I can understand why the call to reopen access to Manoel Island resonates with so many. The islet is a microcosm of the country – its history mirroring that of Malta. First it was occupied by foreign powers and now a corporate takeover of public land.

But those who have walked over Manoel Island, swam from its rocky terraces or fished from the foreshore know that it’s a tiny green oasis offering some respite from the concrete jungle which has become the rest of Malta.

There is a very strong case for this green lung to be declared a national park for the public. So the MIDI consortium has been given a concession for a third of the area. This shouldn’t preclude an agreement being reached for the State to claim it back for the people. It’s not as if government hasn’t been good to MIDI over the years.

Chances are that if the public could buy the same area at the same rates as afforded to the consortium, be similarly exempted from stamp duty, maybe have planning application fees waived and get a whopping €3.3 million discount from a tariff for dumping construction waste at sea, the public could afford to buy back the land.

So the MIDI consortium has been given a concession for a third of the area. This shouldn’t preclude an agreement being reached for the State to claim it back for the people

Unfortunately, it is never the public which gets preferential treatment to enjoy the best sites in the country at discounted rates. It is always the case of the private sector profiting at the expense of the public. Which is why the clamour for the conversion of Manoel Island to a public park is getting stronger. Make it a national park – the people deserve it.

■ As the saying goes, “The proof of the pudding is in the eating”. That applies for laws too. Laws are only of any use if they are enforced in a timely and effective fashion. Otherwise they just serve as an opportunity for our politicians to spout hot air and trot out platitudes.

This holds especially true of the recently enacted Public Domain Act. Back in May, Environment Minister José Herrera waxed lyrical about the “revolutionary” legislation which was approved by both sides of the House. According to this law, the first 15 metres of the coastline, the country’s seabed and government-owned sites of historical and ecological importance are automatically classified as being within the public domain.

The State has a duty to preserve such properties and to ensure public access to them. They cannot be commercialised. NGOs and local councils can also apply for ecologically, historically or culturally significant sites to be classified as being public domain sites following a parliamentary resolution to this effect.

It’s a good law. We get environmental safeguards, public participation and protection of future generations in one legislative package. What’s not to like?

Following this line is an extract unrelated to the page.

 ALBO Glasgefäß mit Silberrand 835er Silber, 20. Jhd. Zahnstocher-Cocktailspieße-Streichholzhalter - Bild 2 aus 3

The way that the law has effectively been totally ignored is the problem. Within the first three months of its enactment, the Public Domain Act has been constantly ignored. The most glaring example of this is that of Manoel Island.

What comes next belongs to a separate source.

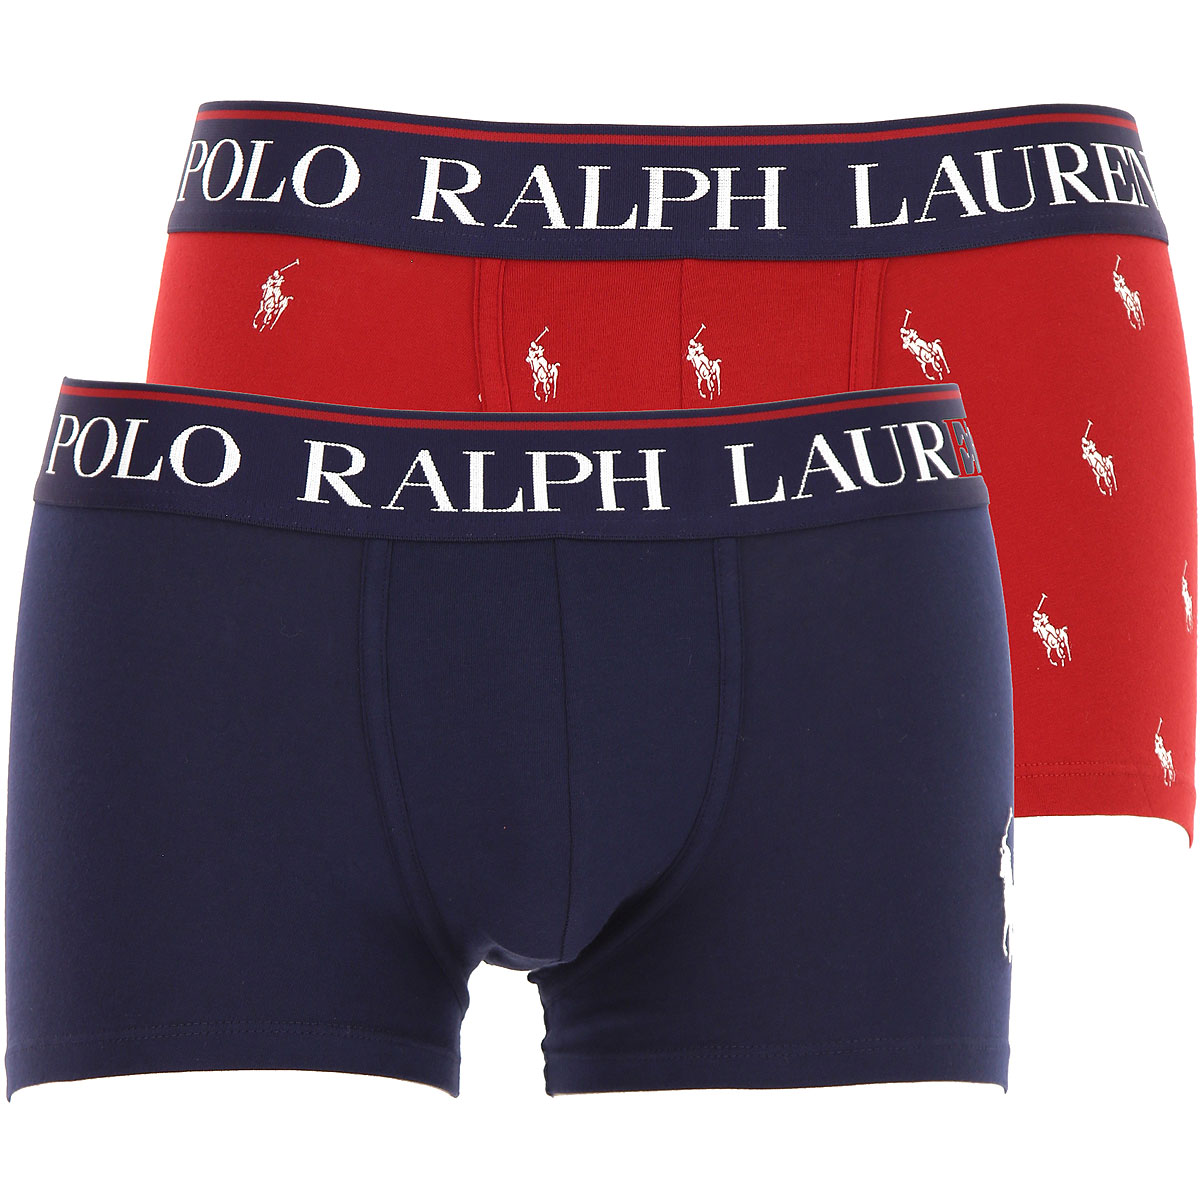 Ralph Lauren Boxer Shorts für Herren, Unterhose, Short, Boxer Günstig im Sale, 2 Pack, Rot, Baumwolle, 2017, L M S XL

Here we have a concession granted to the MIDI private consortium for only 30 per cent of the total area of Manoel Island (as per information published on MIDI’s website) with the foreshore being specifically excluded from the contract. Adherence to the Public Domain Act and the terms of the contract should mean that the public should have access and use of the foreshore. There are no two ways about it. The foreshore is not reserved for MIDI, nor should access to it be denied.

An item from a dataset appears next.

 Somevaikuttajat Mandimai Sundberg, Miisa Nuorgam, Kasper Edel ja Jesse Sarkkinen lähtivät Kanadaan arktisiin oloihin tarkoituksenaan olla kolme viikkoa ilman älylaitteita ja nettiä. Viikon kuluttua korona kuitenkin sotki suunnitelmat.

Yet, the authorities look the other way or wring their hands about unsubstantiated claims of vandalism while the public domain law is being flouted. Fat lot of good that “revolutionary” law is having.

The effects of the Public Domain Act are being stultified in other ways. When NGOs make a request for sites to be given public domain status and protection, the Planning Authority has to carry out a public consultation exercise. This is no different to the other consultation exercises which the PA carries out – namely consisting in uploading the proposals online and accepting comments submitted. It’s not a big deal.

However, when the NGOS Flimkien għal Ambjent Aħjar and Friends of the Earth (Malta) submitted several applications, the Planning Authority sat on its hands and hasn’t bothered to start the public consultation exercise.

So the whole process is suspended indefinitely until the authority finds a gap in its busy permit-issuing activity to fulfill its obligations under the law.

Again – I am underwhelmed by the authorities’ enforcement of the law which Herrera described as “a legacy that both sides of the House bequeathed to the country”. Rather than any form of legacy, it’s another case of much sizzle and little sausage. And – as usual – the public loses out.